▶ [Directions]
Output the whole listing below exactly, omitting the images.

▶ [Supplied material]

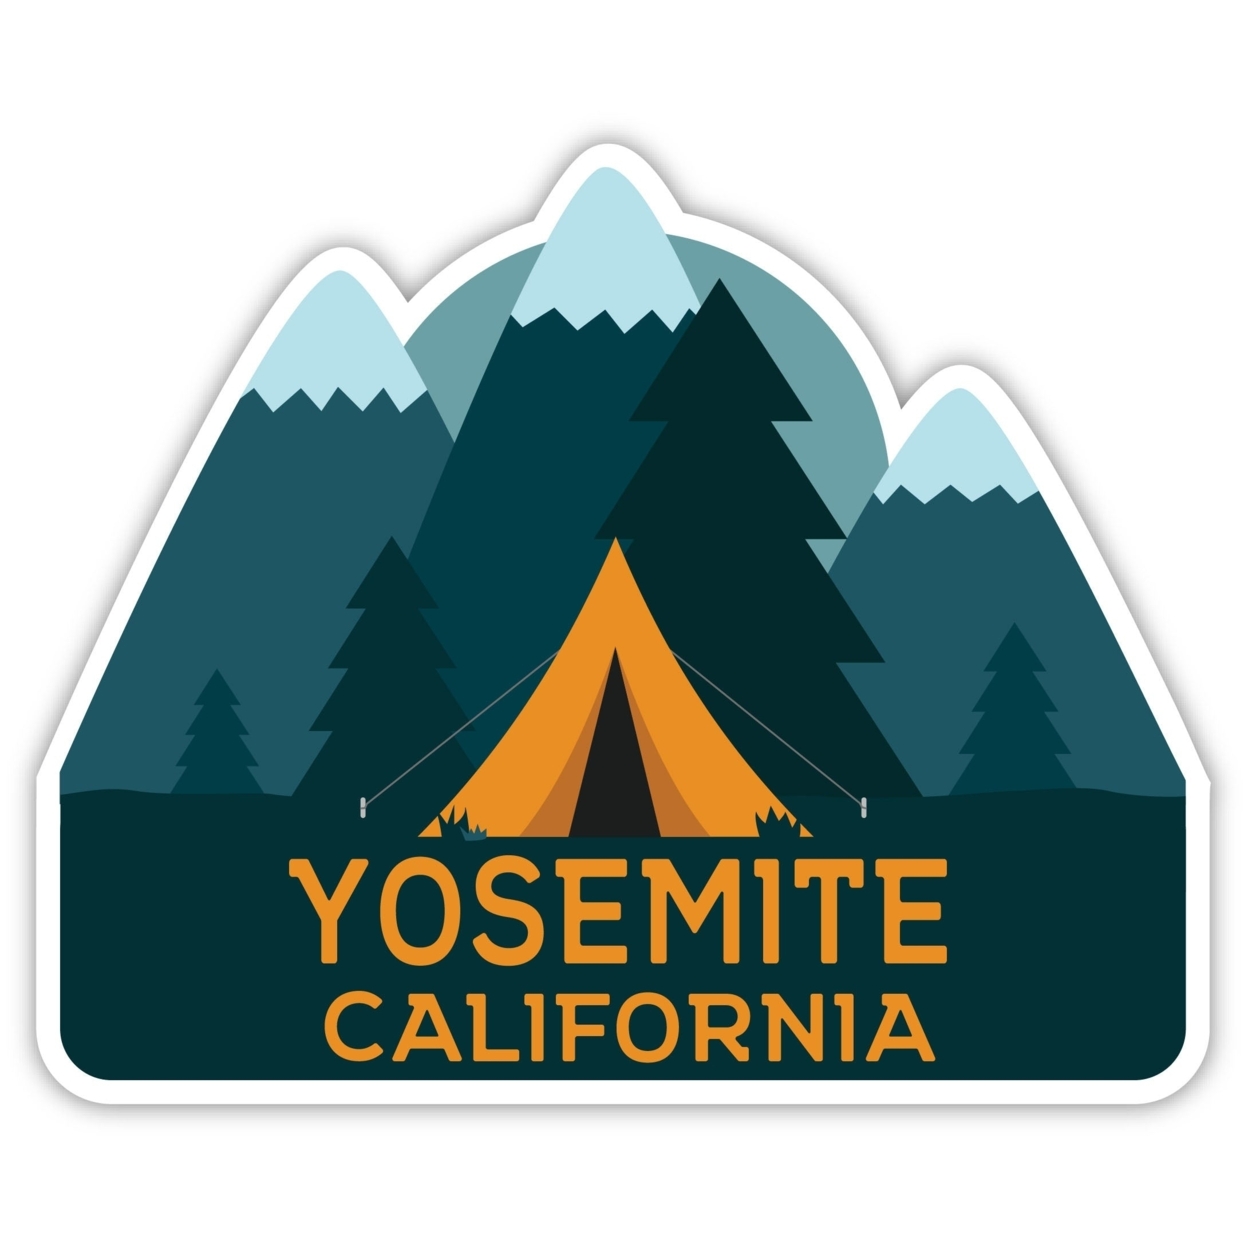 Yosemite California Souvenir Decorative Stickers (Choose Theme And Size) - Single Unit, 2-Inch, Adventures Awaits
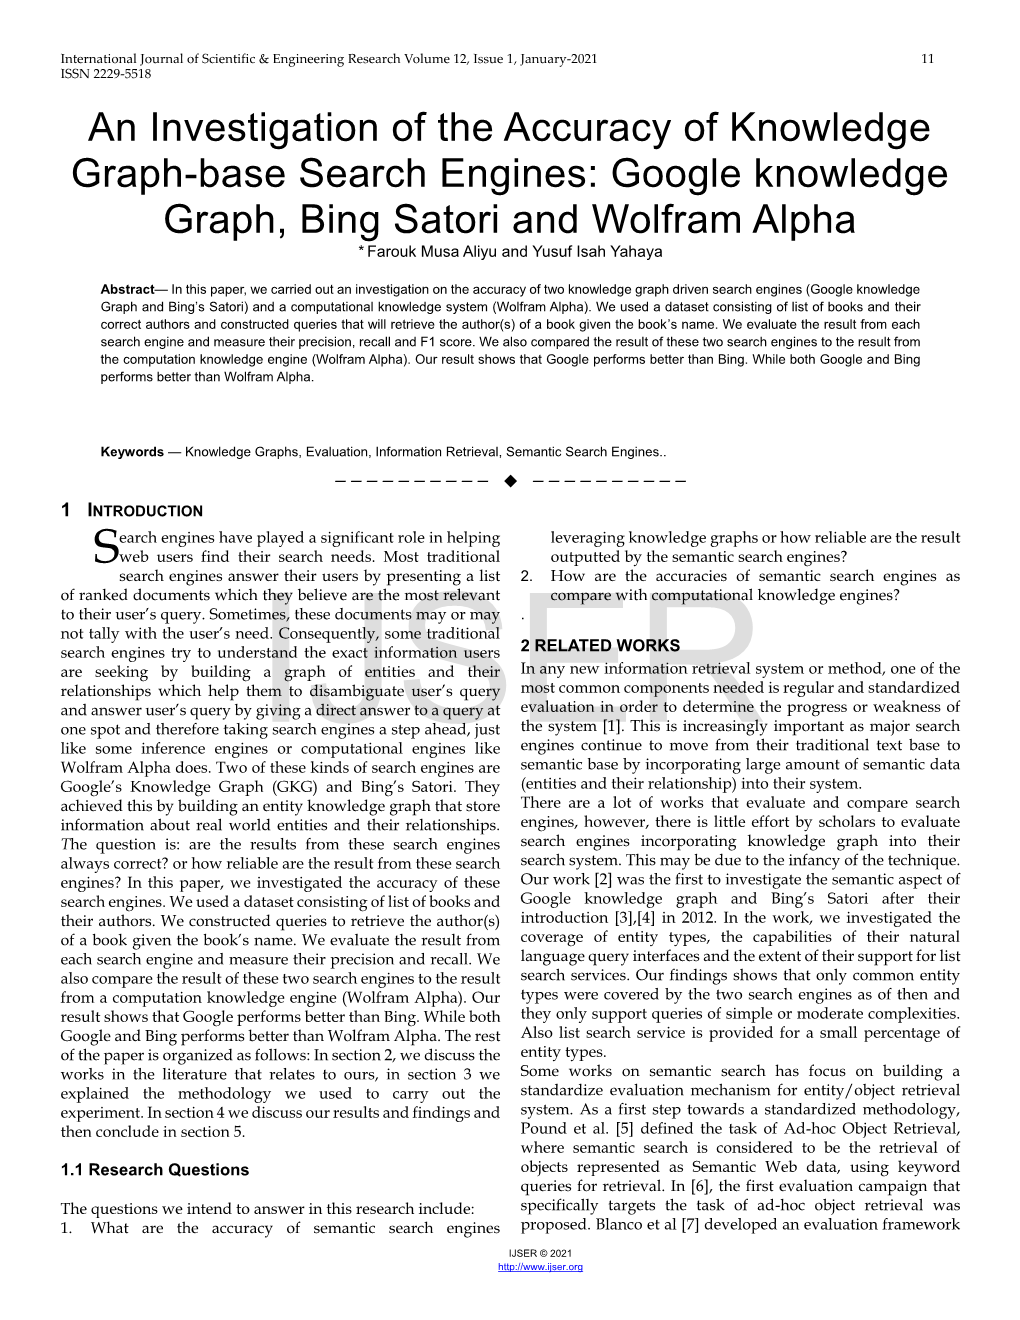 Google Knowledge Graph, Bing Satori and Wolfram Alpha * Farouk Musa Aliyu and Yusuf Isah Yahaya
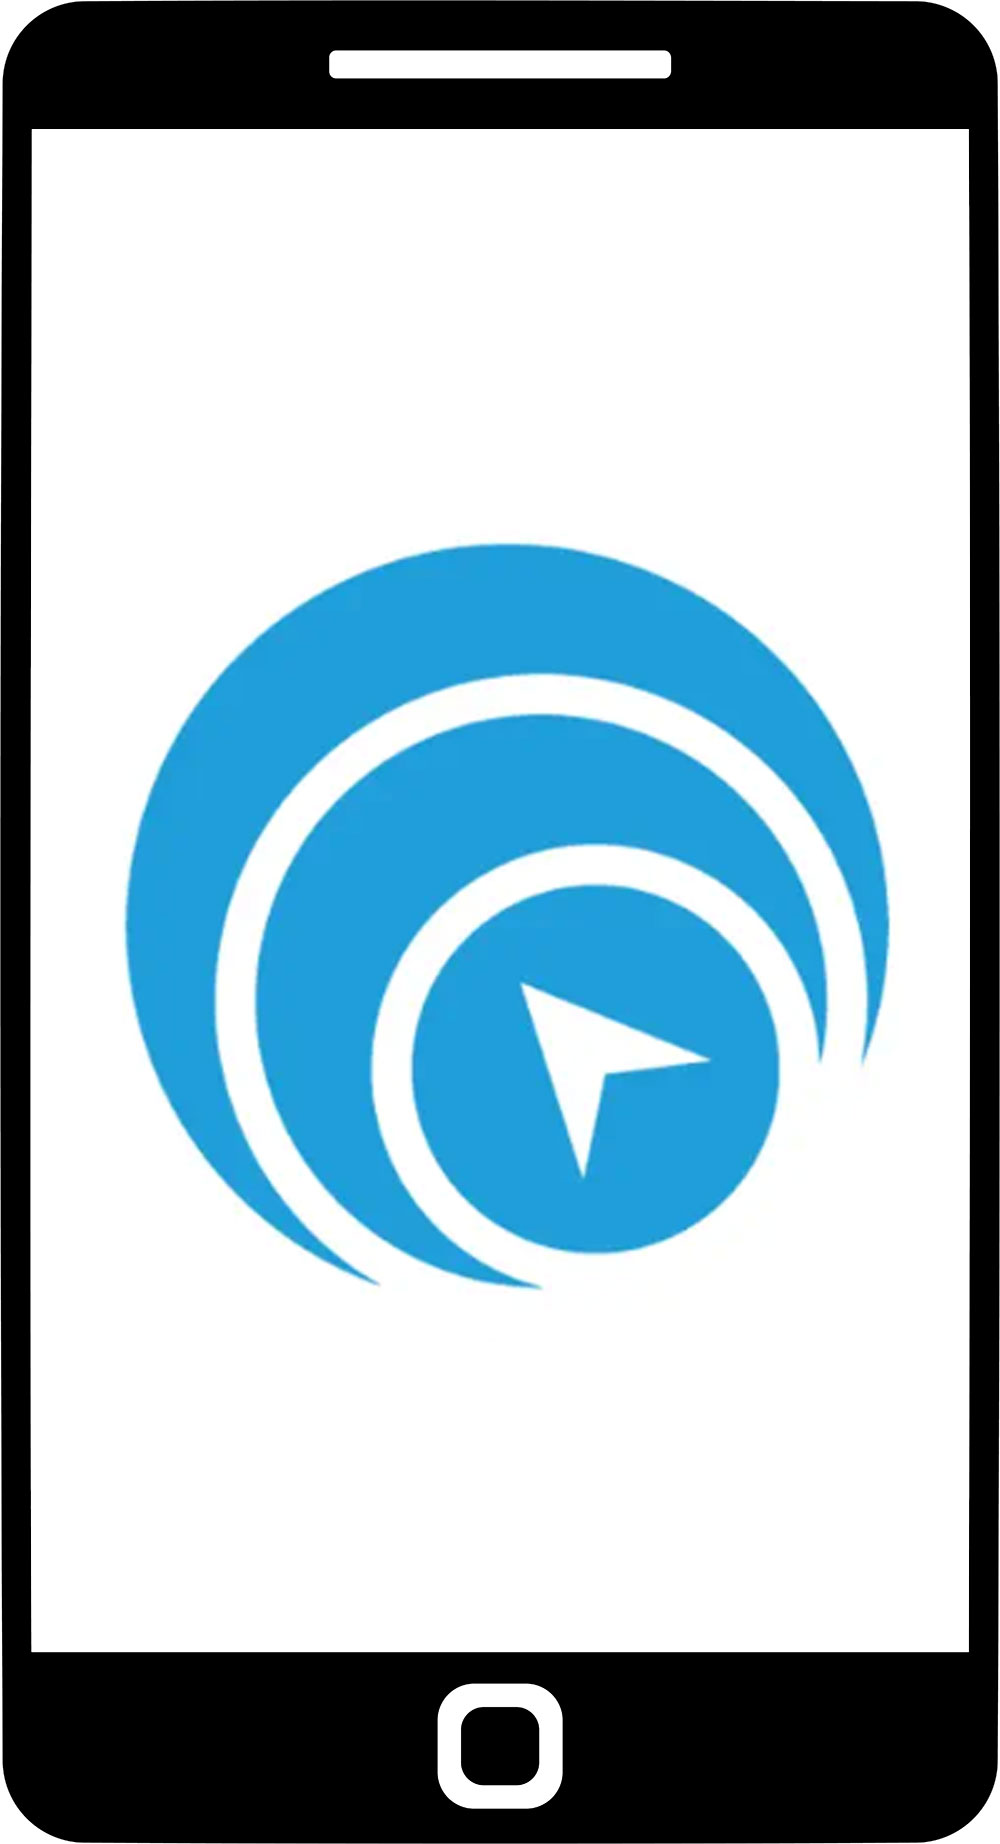 Daymap logo on mobile screen.
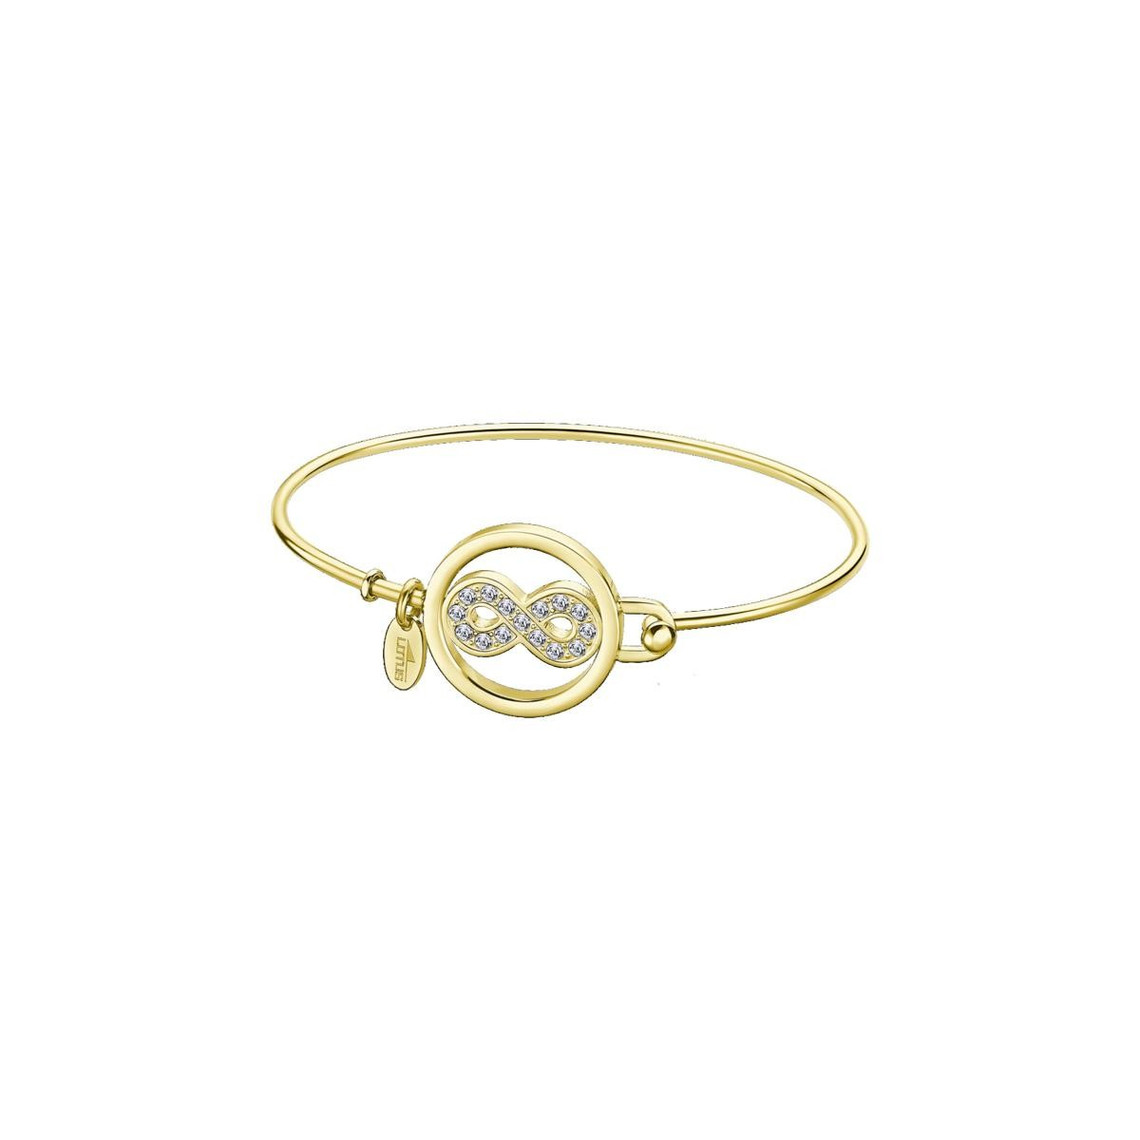 bracelet femme ls2119-2-2 lotus style

▶ [Task answer]
 Yosemite California Souvenir Decorative Stickers (Choose Theme And Size) - Single Unit, 2-Inch, Adventures Awaits
 Google Knowledge Graph, Bing Satori and Wolfram Alpha * Farouk Musa Aliyu and Yusuf Isah Yahaya
 Daymap logo on mobile screen.
 bracelet femme ls2119-2-2 lotus style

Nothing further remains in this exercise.